» **TO DO**: Word for word, transcribe the lines below and drop the pictures.

SUPPLIED DATA: Begin

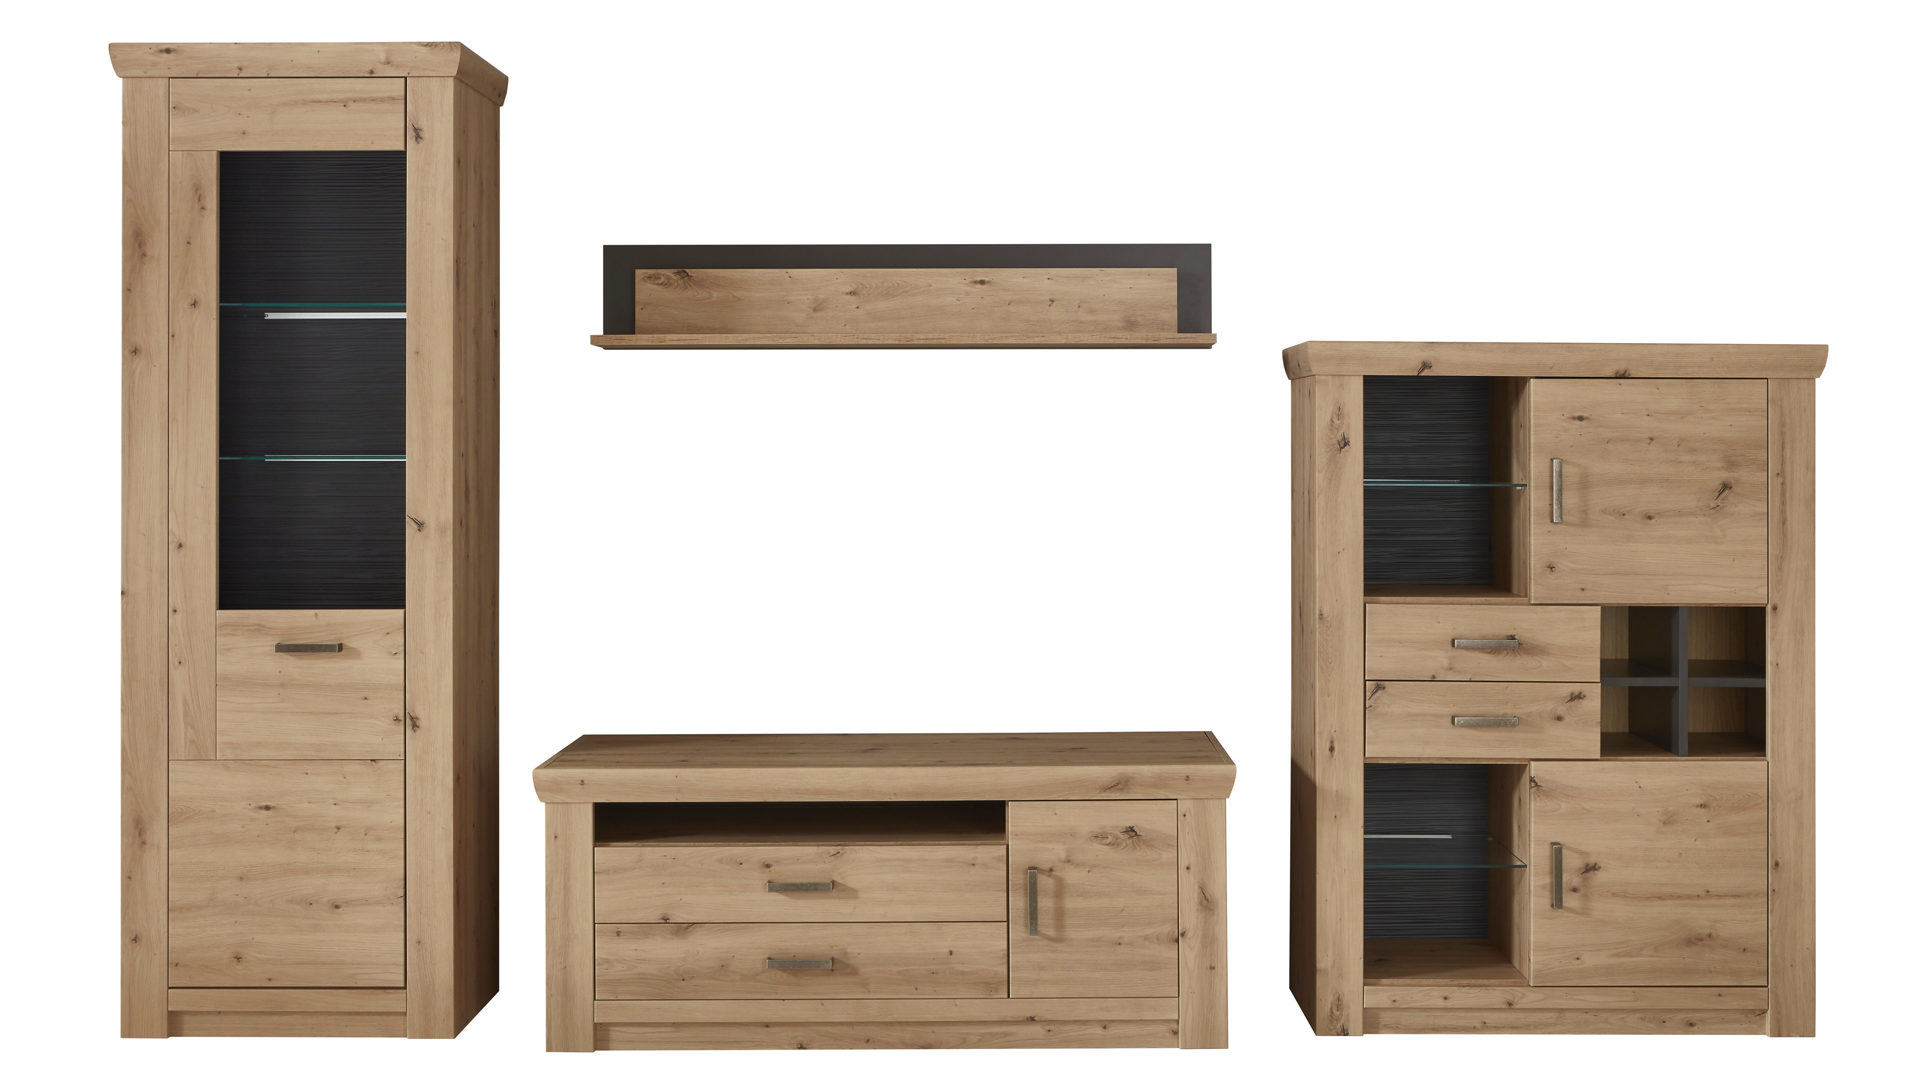 Wohnwand Mca furniture aus Holz in Holzfarben Wohnwand balkeneiche- & anthrazitfarbene Kunststoffoberflächen – Breite ca. 336 cm
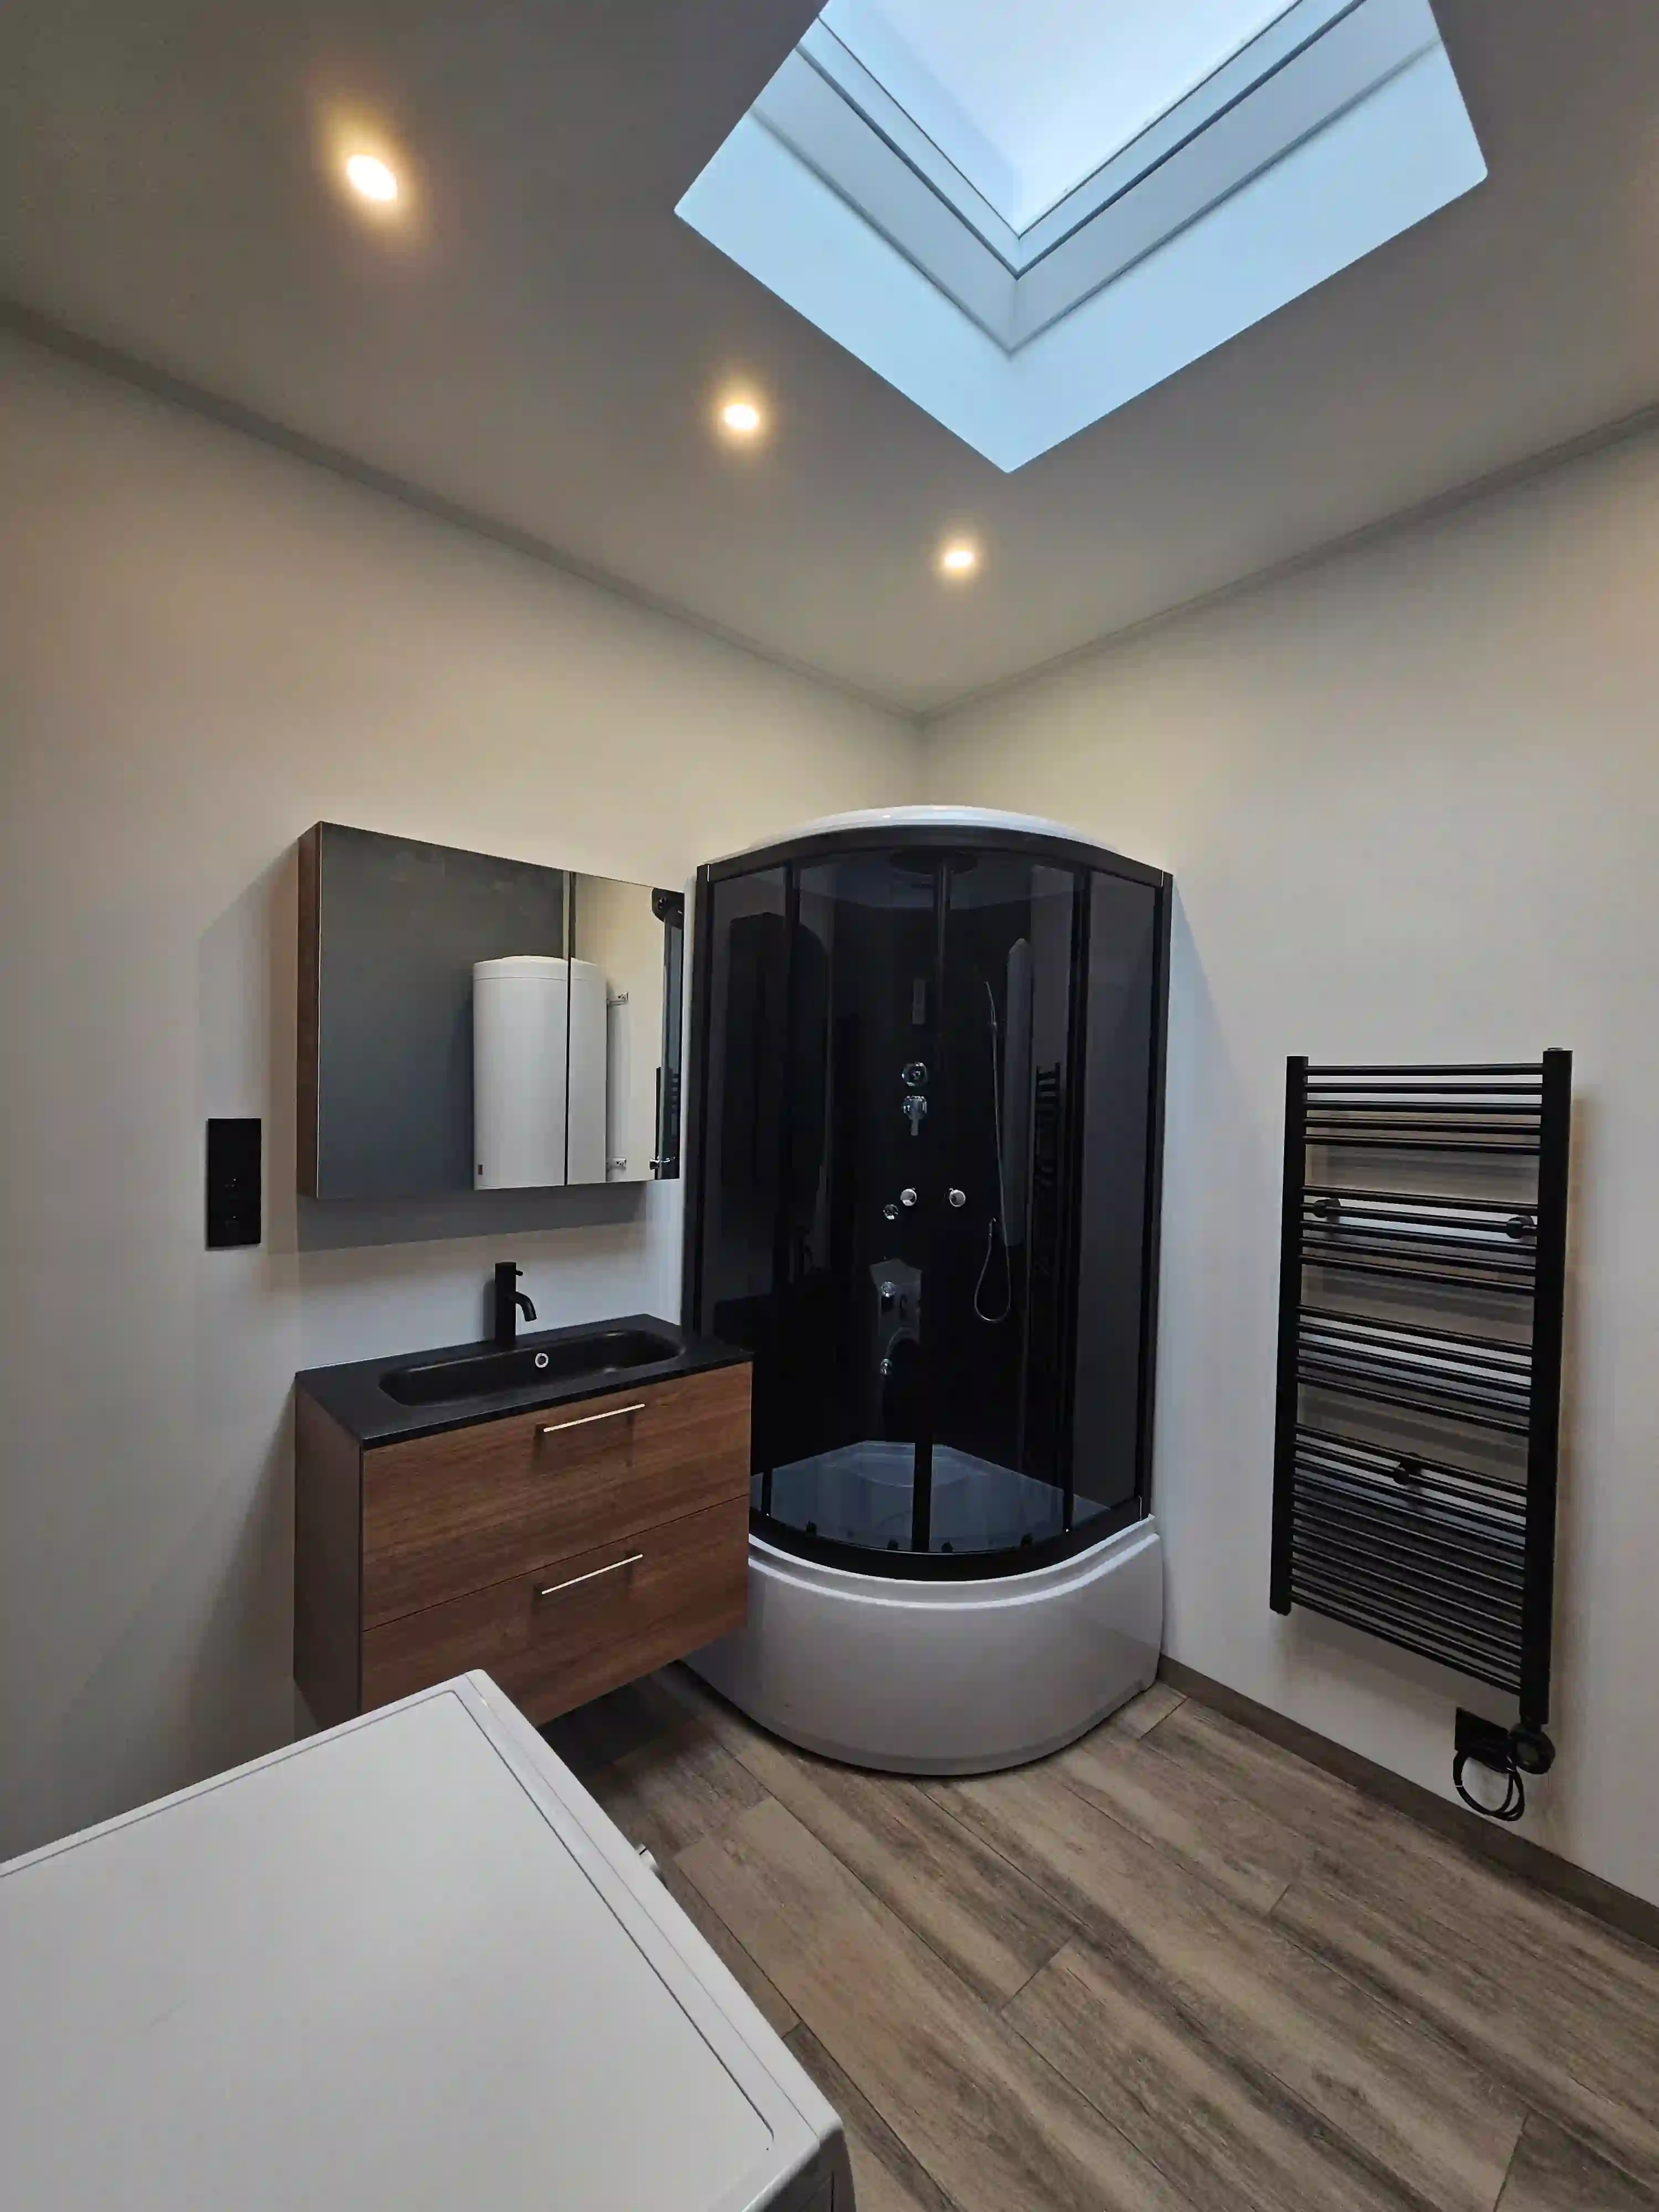 Afgewerkte badkamer met douche, meubel, radiator en spots
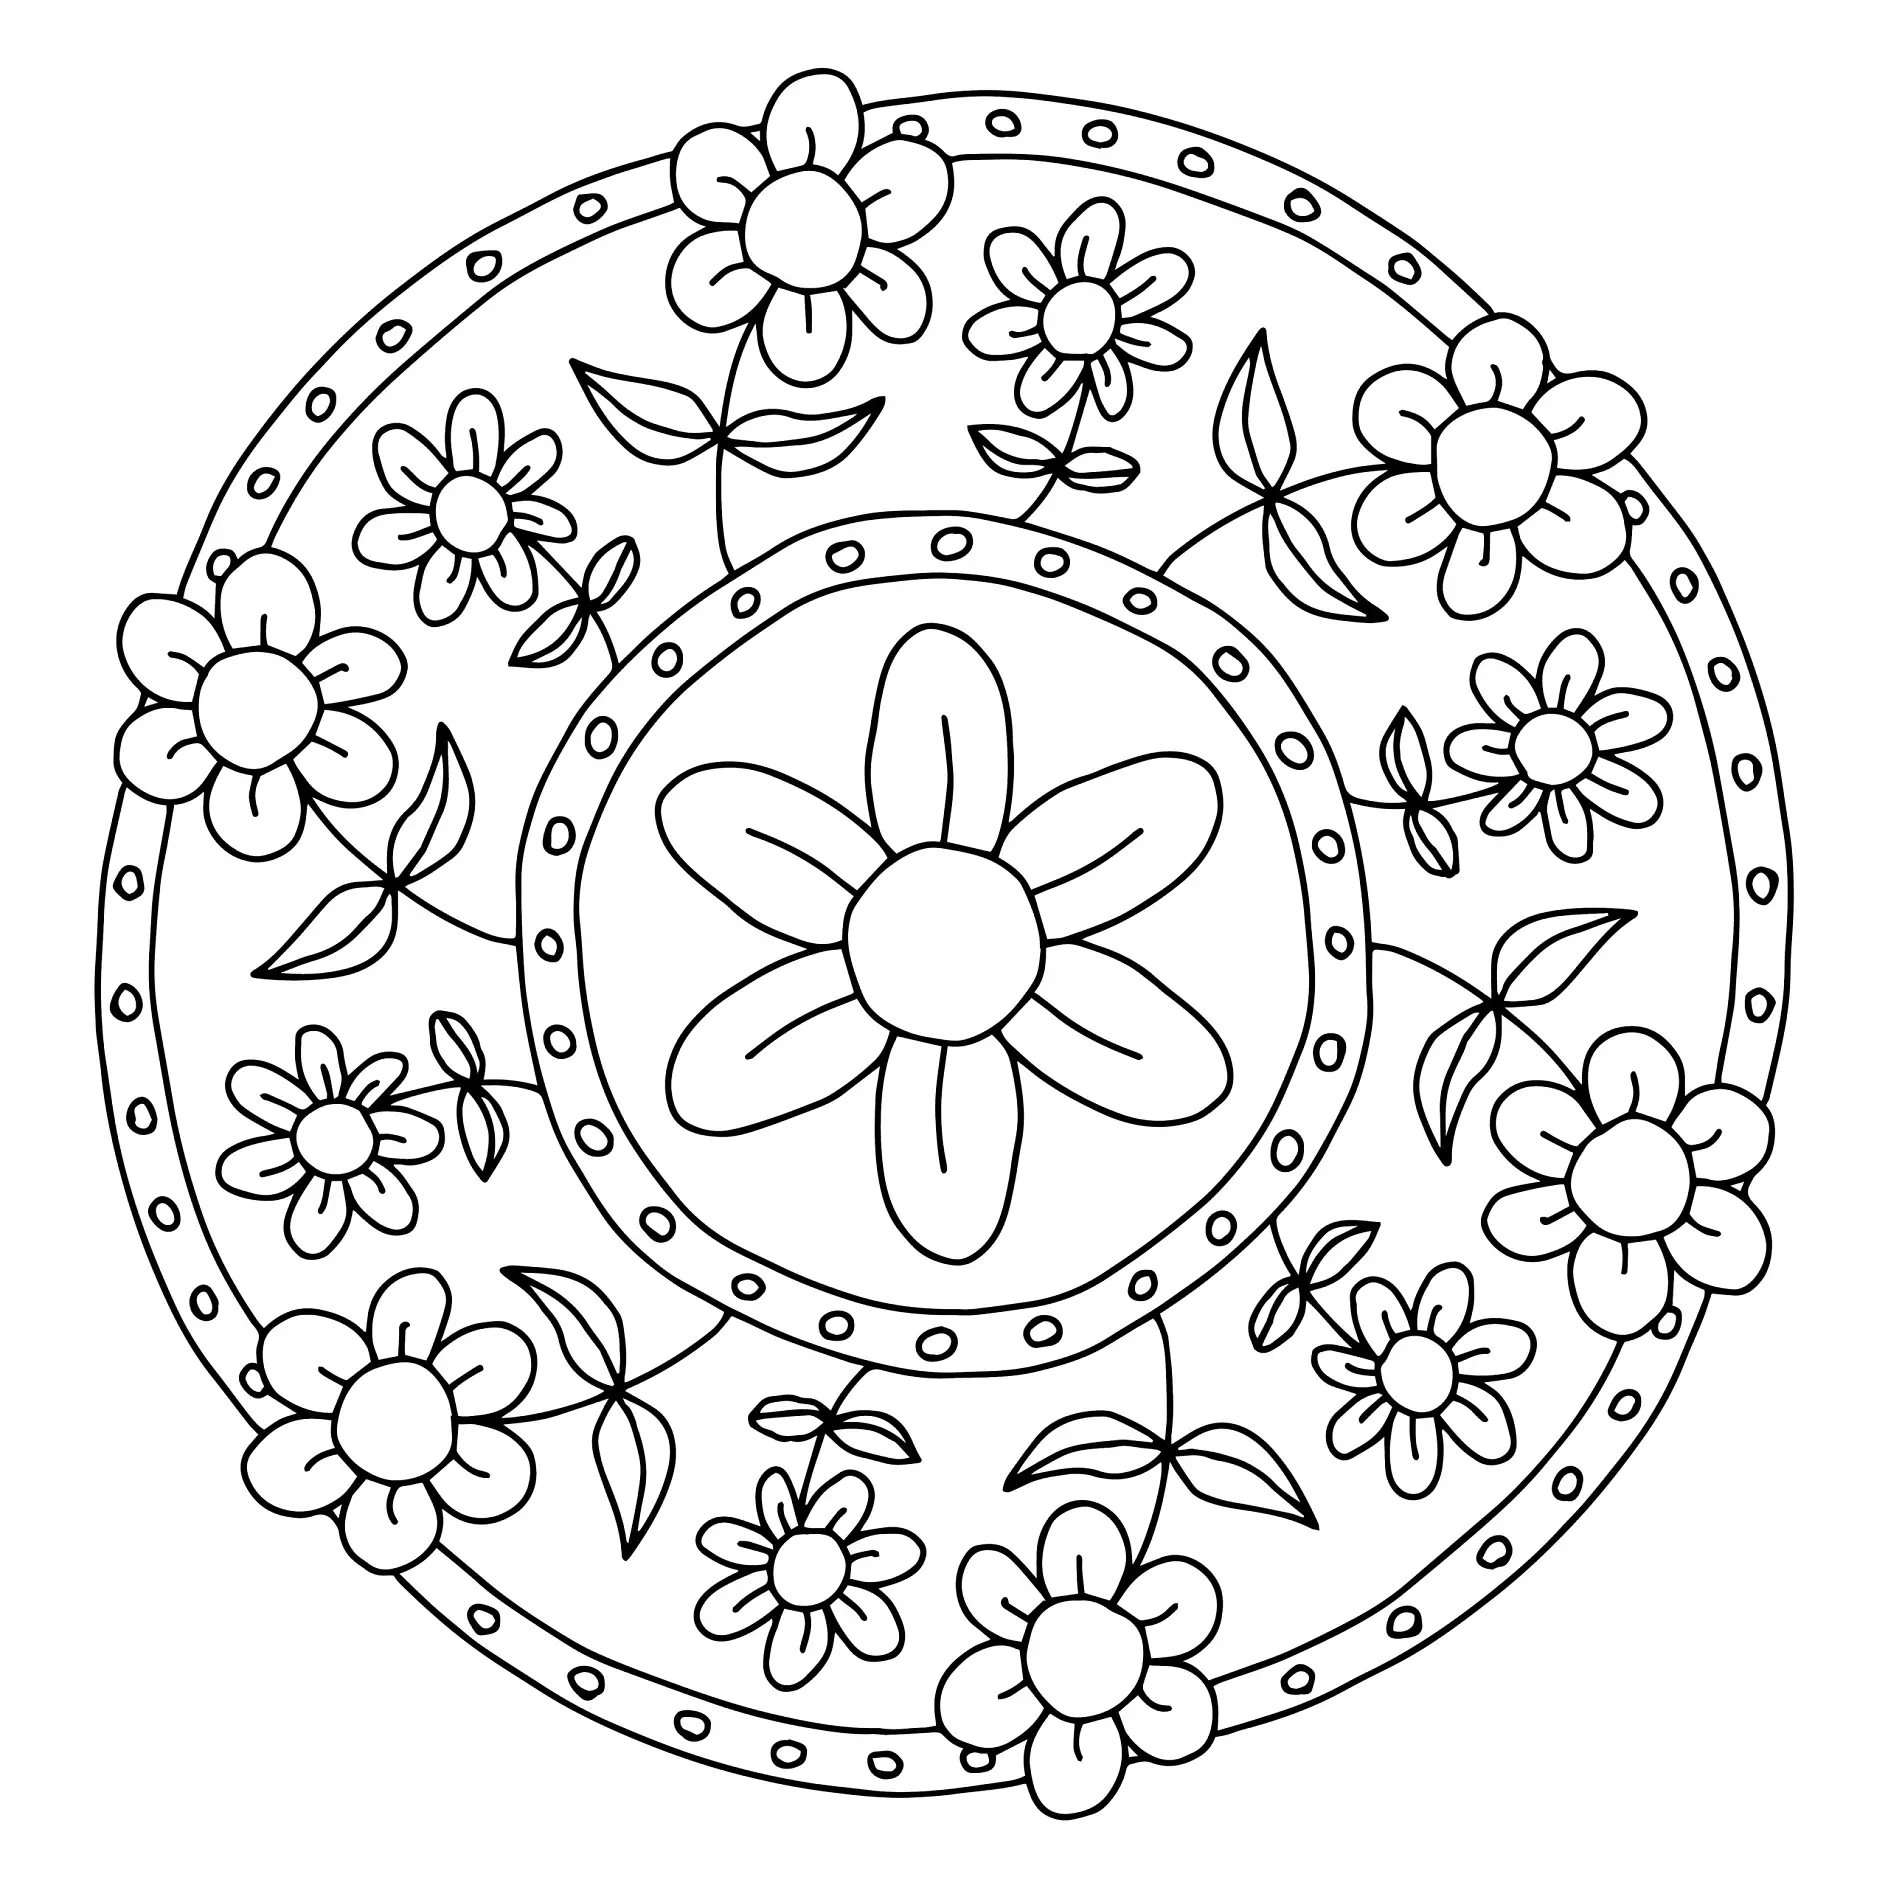 Ausmalbild Mandala mit einfachen Blumen und Kreisen

SUPPLIED DATA: End

» **TASK SOLUTION**:
 Wohnwand Mca furniture aus Holz in Holzfarben Wohnwand balkeneiche- & anthrazitfarbene Kunststoffoberflächen – Breite ca. 336 cm
 Afgewerkte badkamer met douche, meubel, radiator en spots
 Ausmalbild Mandala mit einfachen Blumen und Kreisen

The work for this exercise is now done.